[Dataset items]
^^^^^^^^

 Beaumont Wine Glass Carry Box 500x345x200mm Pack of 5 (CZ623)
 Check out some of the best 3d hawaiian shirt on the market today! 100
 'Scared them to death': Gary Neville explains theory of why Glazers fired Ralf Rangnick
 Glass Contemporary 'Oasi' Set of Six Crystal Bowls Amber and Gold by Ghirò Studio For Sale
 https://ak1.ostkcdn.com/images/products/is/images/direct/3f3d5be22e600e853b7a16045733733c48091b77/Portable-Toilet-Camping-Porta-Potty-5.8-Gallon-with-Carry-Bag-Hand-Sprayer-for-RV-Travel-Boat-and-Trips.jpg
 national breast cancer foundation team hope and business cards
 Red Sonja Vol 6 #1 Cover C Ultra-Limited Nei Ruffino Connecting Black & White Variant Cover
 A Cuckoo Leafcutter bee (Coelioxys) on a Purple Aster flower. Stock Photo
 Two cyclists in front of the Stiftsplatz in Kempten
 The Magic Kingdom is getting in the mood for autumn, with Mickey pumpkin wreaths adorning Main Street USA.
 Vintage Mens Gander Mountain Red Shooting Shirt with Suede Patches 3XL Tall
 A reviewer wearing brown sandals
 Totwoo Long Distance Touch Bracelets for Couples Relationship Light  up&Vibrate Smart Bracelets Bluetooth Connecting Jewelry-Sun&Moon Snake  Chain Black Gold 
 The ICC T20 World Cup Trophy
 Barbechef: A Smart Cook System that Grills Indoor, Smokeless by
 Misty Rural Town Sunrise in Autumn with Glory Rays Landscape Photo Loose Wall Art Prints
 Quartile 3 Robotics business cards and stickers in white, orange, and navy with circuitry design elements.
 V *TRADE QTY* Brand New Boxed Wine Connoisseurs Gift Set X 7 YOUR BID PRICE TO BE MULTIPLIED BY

^^^^^^^^

Work order
If a line in the records above holds the string "Carry", copy it out.

Finished task
 Beaumont Wine Glass Carry Box 500x345x200mm Pack of 5 (CZ623)
 https://ak1.ostkcdn.com/images/products/is/images/direct/3f3d5be22e600e853b7a16045733733c48091b77/Portable-Toilet-Camping-Porta-Potty-5.8-Gallon-with-Carry-Bag-Hand-Sprayer-for-RV-Travel-Boat-and-Trips.jpg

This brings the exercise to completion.